Amount Complete = 100%
Process 7682 stopped
* thread #1, queue = 'com.apple.main-thread', stop reason = breakpoint 1.1
    frame #0: 0x0000000100018a30 rfifind`rfifind_plot(numchan=96, numint=37, ptsperint=14400, timesigma=10, freqsigma=4, inttrigfrac=0.300000012, chantrigfrac=0.699999988, dataavg=0x0000000100d04380, datastd=0x0000000100d04580, datapow=0x0000000100d046e0, userchan=0x0000000100c09fe0, numuserchan=0, userints=0x0000000100c09f40, numuserints=0, idata=0x00007ffeefbff200, bytemask=0x0000000100d04820, oldmask=0x00007ffeefbfece0, newmask=0x00007ffeefbfed50, rfivect=0x0000000100d04970, numrfi=20, rfixwin=0, rfips=0, xwin=0) at rfifind_plot.c:78:1
   75                     mask * oldmask, mask * newmask,
   76                     rfi * rfivect, int numrfi, int rfixwin, int rfips, int xwin)
   77   /* Make the beautiful multi-page rfifind plots */
-> 78   {
   79       int ii, jj, ct, loops = 1;
   80       float *freqs, *chans, *times, *ints;
   81       float *avg_chan_avg, *std_chan_avg, *pow_chan_avg;
Target 0: (rfifind) stopped.
(lldb) thread continue
Resuming thread 0x5e2ff in process 7682
Process 7682 resuming
Process 7682 stopped
* thread #1, queue = 'com.apple.main-thread', stop reason = EXC_BAD_ACCESS (code=1, address=0x7fff00050af2)
    frame #0: 0x0000000100a29740 libgfortran.5.dylib`_gfortran_string_len_trim + 35
libgfortran.5.dylib`_gfortran_string_len_trim:
->  0x100a29740 <+35>: cmpb   $0x20, (%rsi,%rdx)
    0x100a29744 <+39>: leaq   -0x1(%rdx), %rax
    0x100a29748 <+43>: je     0x100a2974f               ; <+50>
    0x100a2974a <+45>: leaq   0x1(%rdx), %rax
Target 0: (rfifind) stopped.
(lldb) bt
* thread #1, queue = 'com.apple.main-thread', stop reason = EXC_BAD_ACCESS (code=1, address=0x7fff00050af2)
  * frame #0: 0x0000000100a29740 libgfortran.5.dylib`_gfortran_string_len_trim + 35
    frame #1: 0x0000000100743446 libpgplot5.dylib`grtrim_ + 24
    frame #2: 0x000000010074d933 libpgplot5.dylib`pgmtxt_ + 83
    frame #3: 0x0000000100729316 libcpgplot5.dylib`cpgmtxt + 96
    frame #4: 0x000000010001aa1d rfifind`rfifind_plot(numchan=96, numint=37, ptsperint=14400, timesigma=10, freqsigma=<unavailable>, inttrigfrac=<unavailable>, chantrigfrac=<unavailable>, dataavg=0x0000000100d04380, datastd=0x0000000100d04580, datapow=0x0000000100d046e0, userchan=0x0000000100c09fe0, numuserchan=1, userints=0x0000000100c09f40, numuserints=0, idata=0x00007ffeefbff200, bytemask=0x0000000100d04820, oldmask=0x00007ffeefbfece0, newmask=0x00007ffeefbfed50, rfivect=0x0000000100d04970, numrfi=20, rfixwin=0, rfips=0, xwin=0) at rfifind_plot.c:450:9
    frame #5: 0x000000010004aa0d rfifind`main(argc=<unavailable>, argv=<unavailable>) at rfifind.c:468:9
    frame #6: 0x00007fff739d1cc9 libdyld.dylib`start + 1
    frame #7: 0x00007fff739d1cc9 libdyld.dylib`start + 1
scottransom commented 3 years ago

That's good progress! Thanks! It looks like something bad is happening in a PGPLOT cpgmtxt call. So here is something to try: can you try running with "-xwin" and see if you get a plot on the screen? And if so, please take a screenshot of it. I want to carefully check to see if all the labels and text look OK.

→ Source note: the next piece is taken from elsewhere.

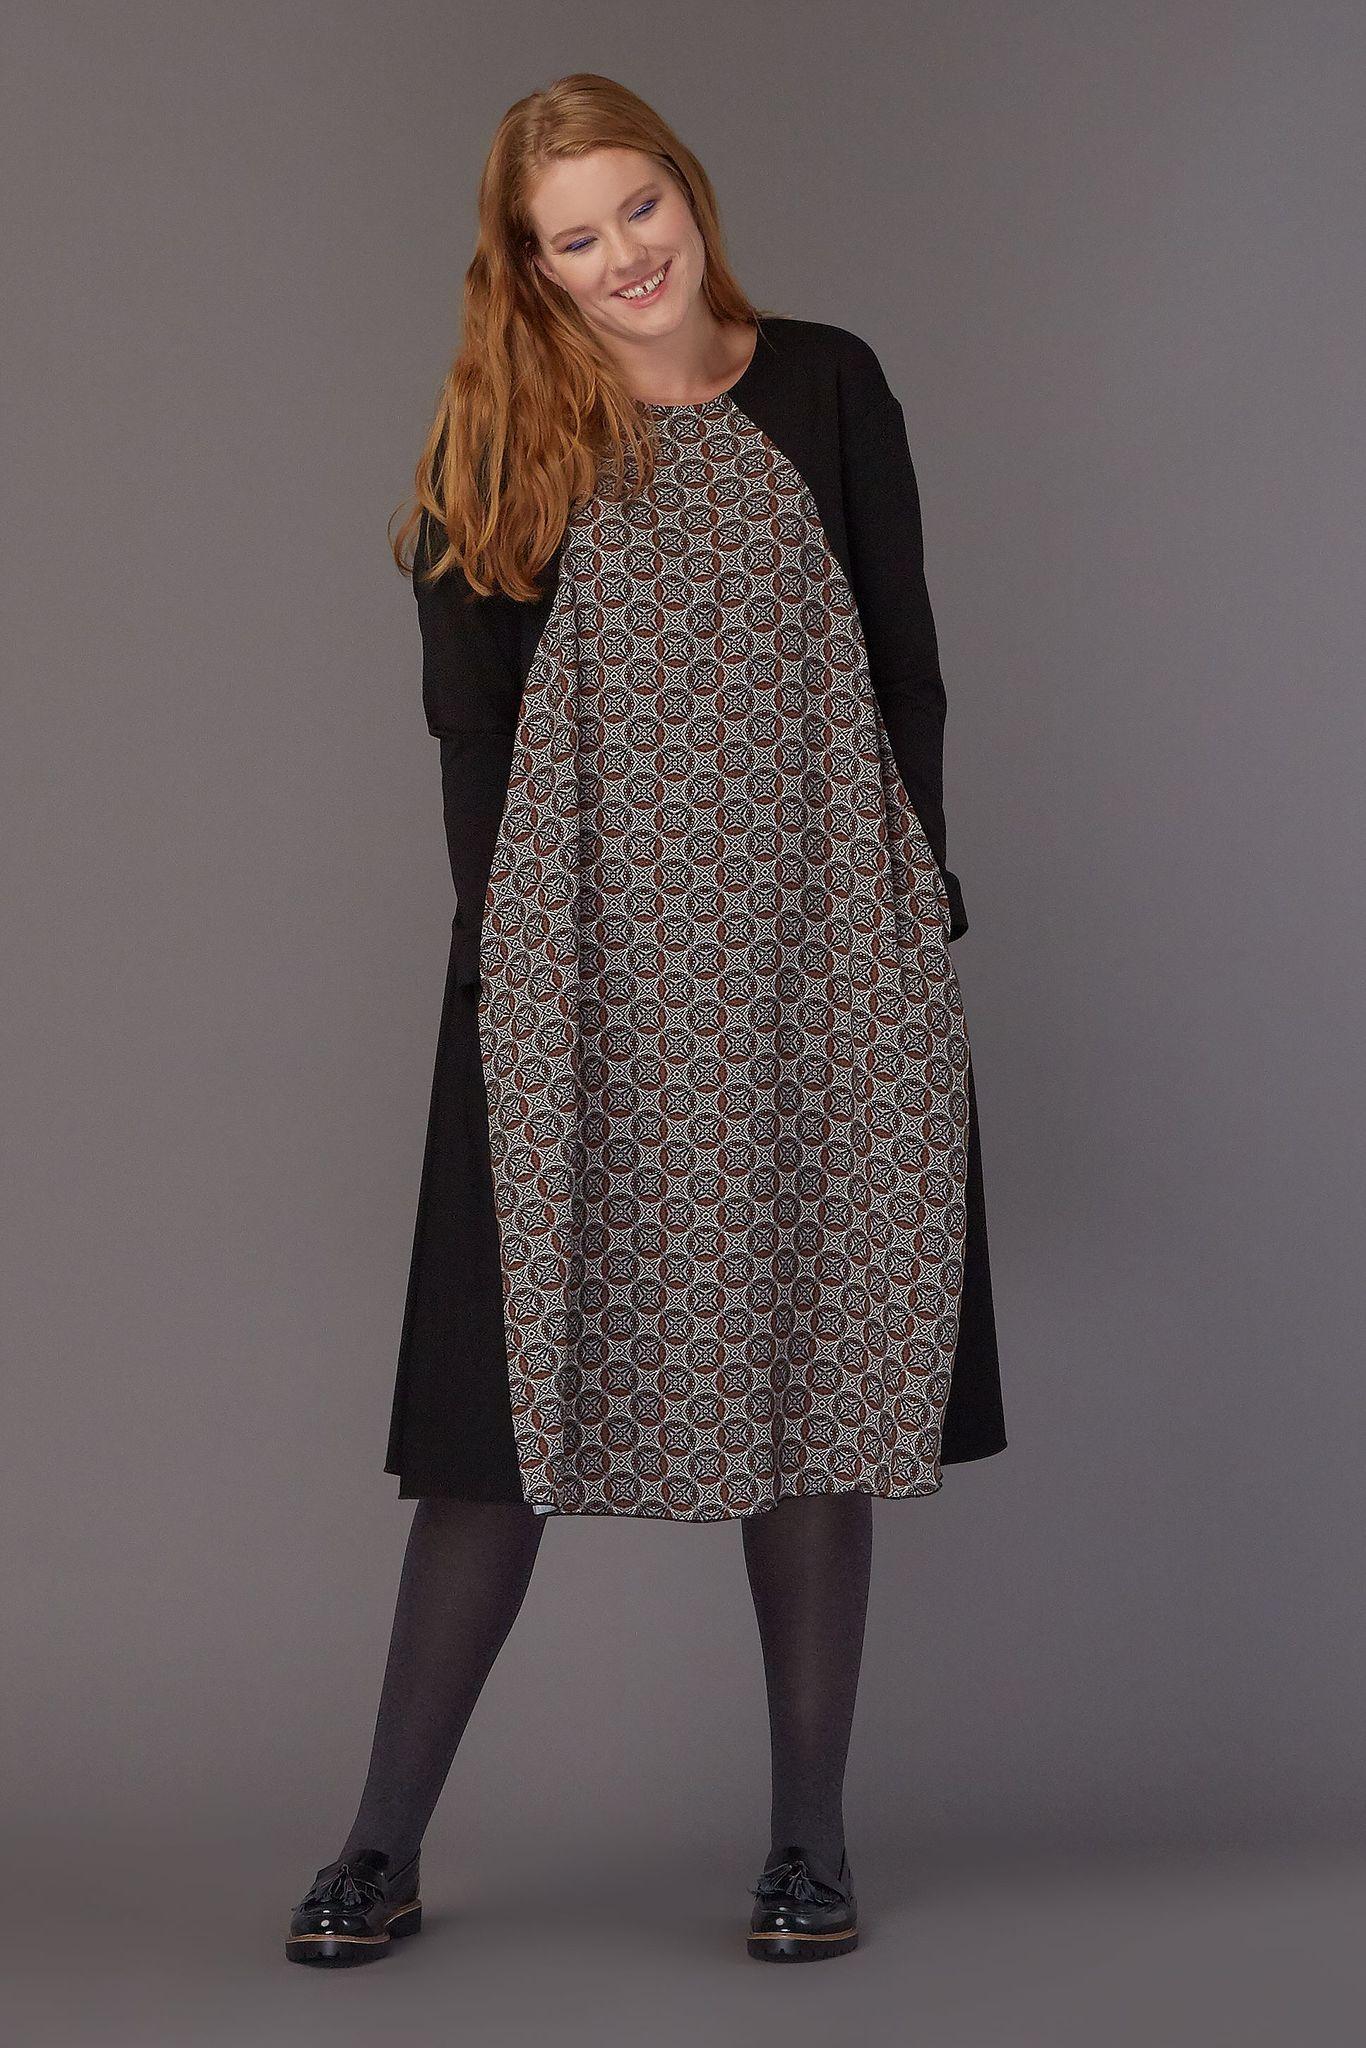 Платье с принтом LE-08 D07 01Новинки<br>Трикотажное платье с геометричным контрастным принтом, А-силуэта, длиной чуть ниже колена и функциональными карманами в боковых швах. Летящее, яркое, с идеальной посадкой, подходящее для любого типа фигуры. Рост модели на фото 179 см, размер - 52 российский.<br>

paulray commented 3 years ago

cpgmtxt is known to cause segfaults with certain gcc versions: https://trac.macports.org/ticket/57726

k-perez commented 3 years ago

I do not get a plot on the screen, but I am using gcc8 so maybe that is the issue? Let me try re-installing with gcc7

scottransom commented 3 years ago

good grief. That certainly seems like the issue!

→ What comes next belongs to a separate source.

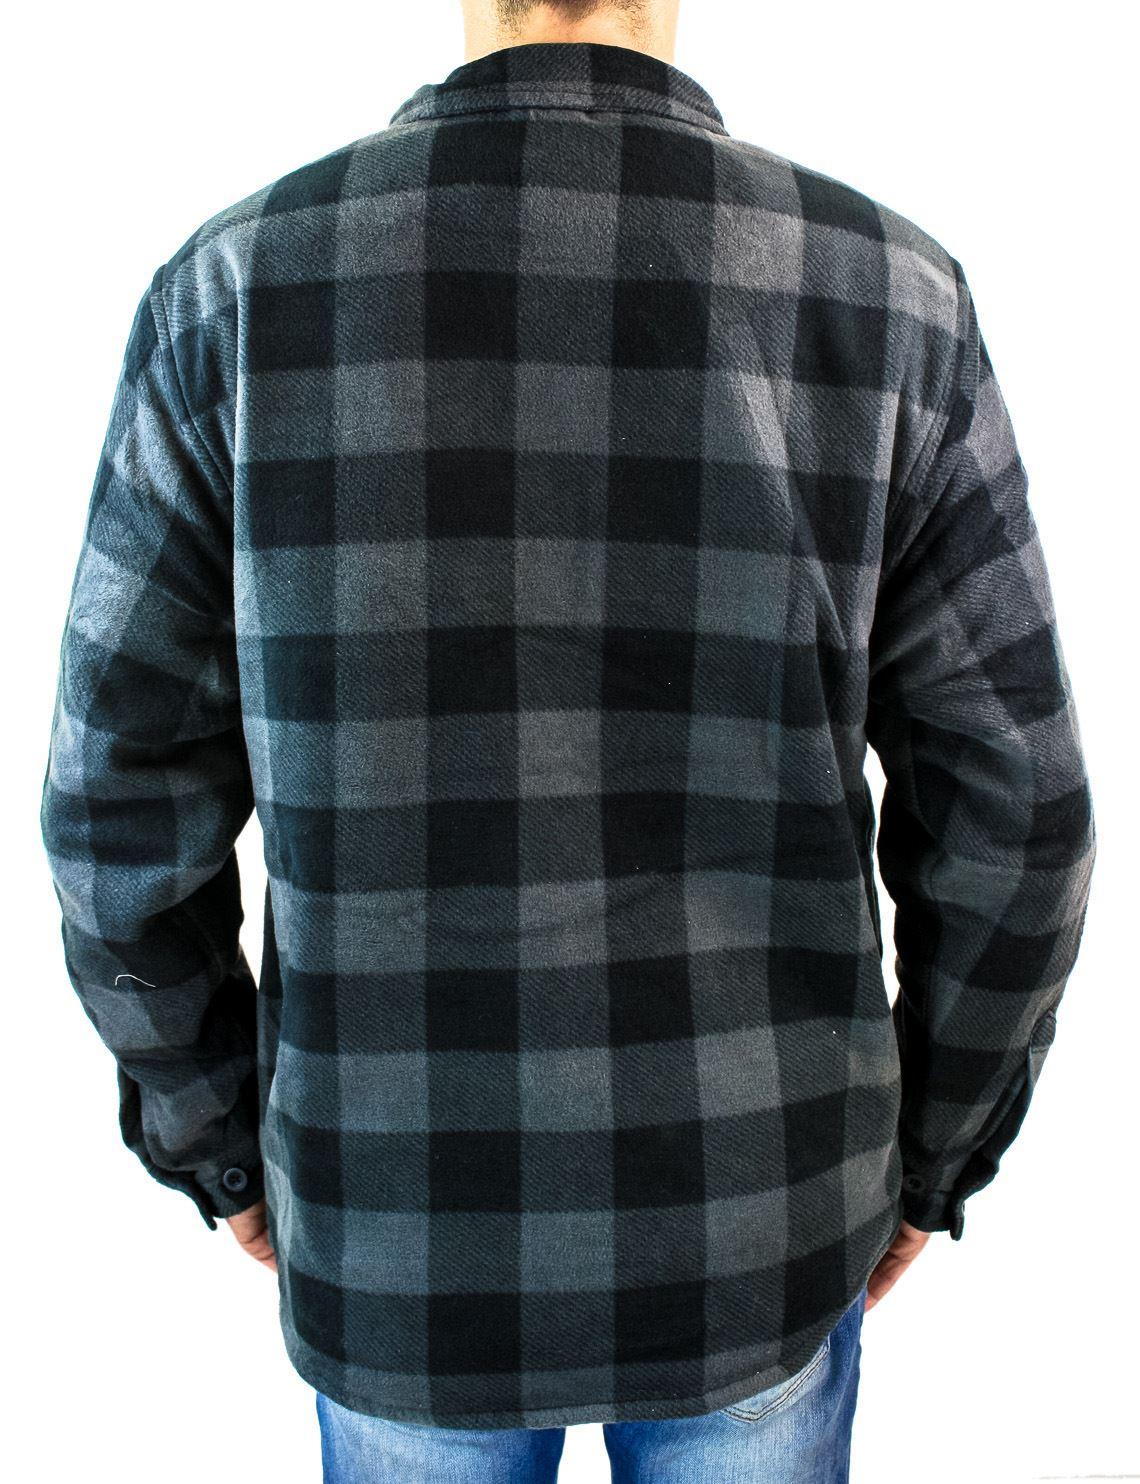 Veste matelass e thermique carreaux chaude hiver chemise for Veste a carreaux homme

k-perez commented 3 years ago

Yes, that was the issue! Thanks so much for helping! For the record, I had pgplot for gcc11. Installing pgplot for gcc7 fixed it.

scottransom commented 3 years ago

Great! Glad you are set now! It is pretty sad that PGPLOT is unmaintained but still so useful!